Beginning here, this episode picks up so many characters and events of the preceding season (really, of the whole series) on its relentless way to the end. The weight of the last five seasons, in atmosphere but more importantly in specifics, drives all the characters forward. Events have such urgency here that the great filmmaking on display can be missed on the first four or so viewings: there’s a later image of Kavanaugh in conversation with Aceveda, at the bottom center of the frame, head turned to the side, that makes looks like a portrait of a dictator made by an enemy; there’s a cut from Lem, just off the phone with Becca, at frame left with negative space frame right, to the three other members of the Strike Team, with the composition exactly reversed; there’s a rack focus in the late Team conversation from Shane in the background to Ronnie in the foreground to Vic in the middle; there’s a late-episode shot of the three of them at the meeting spot, their faces lined up on a diagonal. The ambient sound, from the metal in the trailer park to Tina’s cries in the final scene, heightens every step of the drama. Most effectively of all, for most of the episode, the camera moves more than it ever has, especially in scenes with Lem, exactly right for a story where everyone’s come unmoored and everyone swings wildly between options and possibilities.
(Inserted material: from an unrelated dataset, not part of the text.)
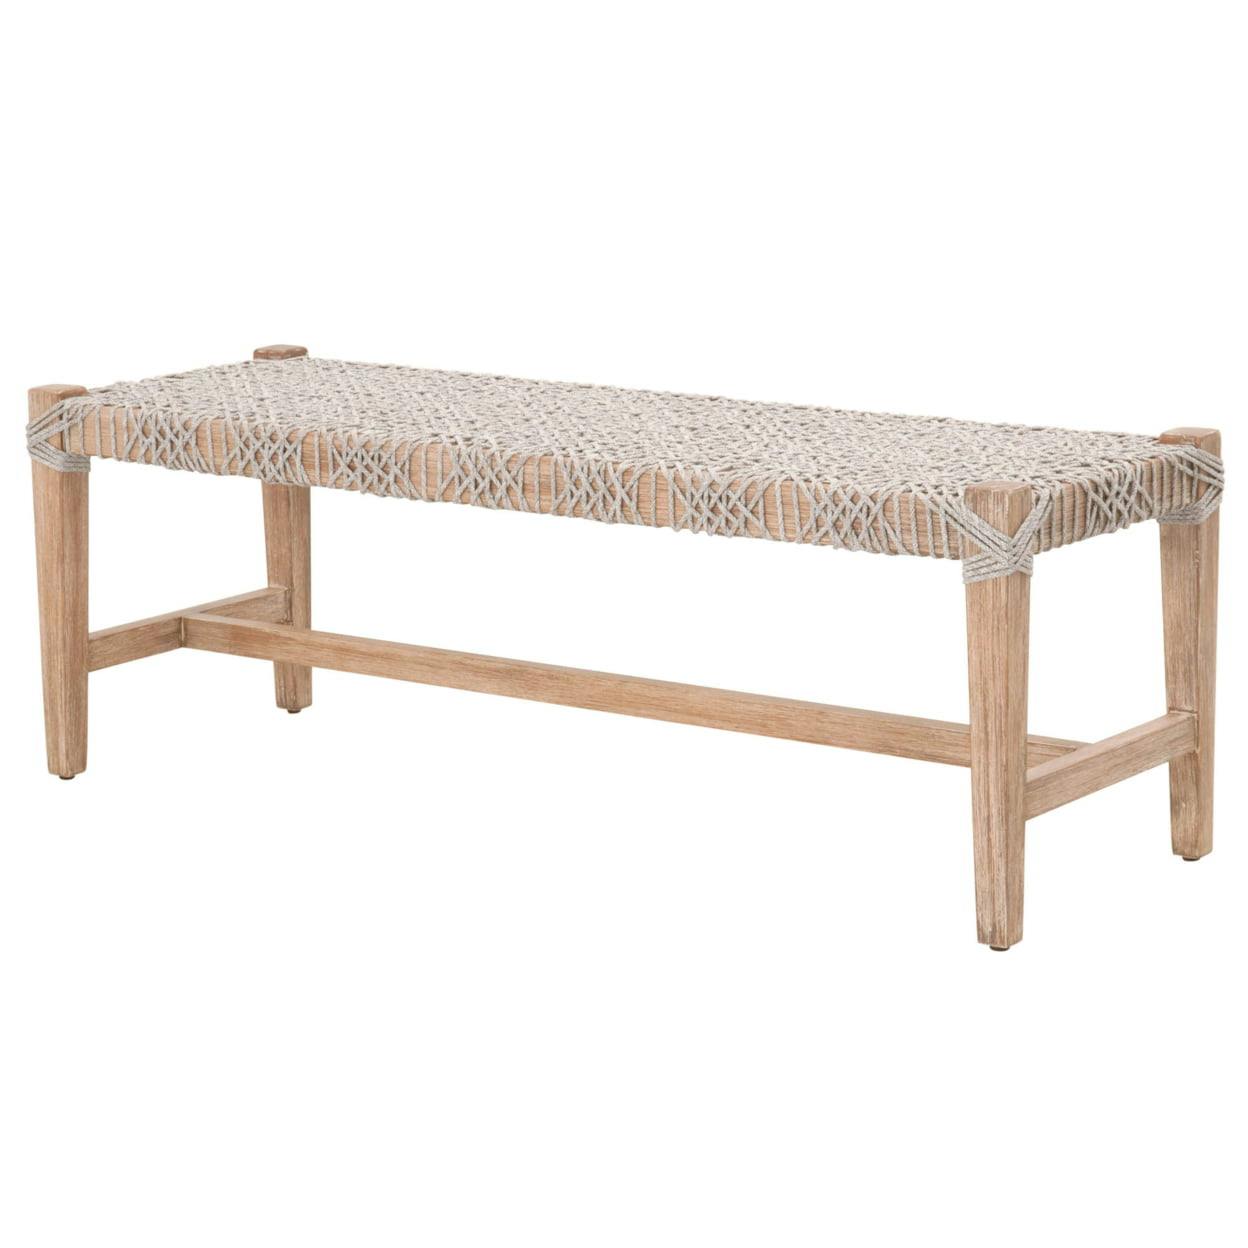 Transitional Gray and Brown Rope-Top Bench with Trestle Base

In the midst of all the climbing pressure and events, there’s a moment of grace with Danny and her newborn son, Lee, in the hospital. It’s a nice touch on the part of the Barn to just donate her the money, since Danny isn’t revealing Vic is the father. It’s an even nicer touch in that scene to withhold confirmation of that until the very end. Vic certainly acts like a dad all through it (the range of Chiklis’ performance in this episode is extraordinary, as is Catherine Dent’s calm in this scene), letting his face be dominated by wonder, but they don’t acknowledge it until they both say “when he’s old enough.” It’s a gentle, suspenseful scene, something that could have been on Lost, the life to be paid for with a death.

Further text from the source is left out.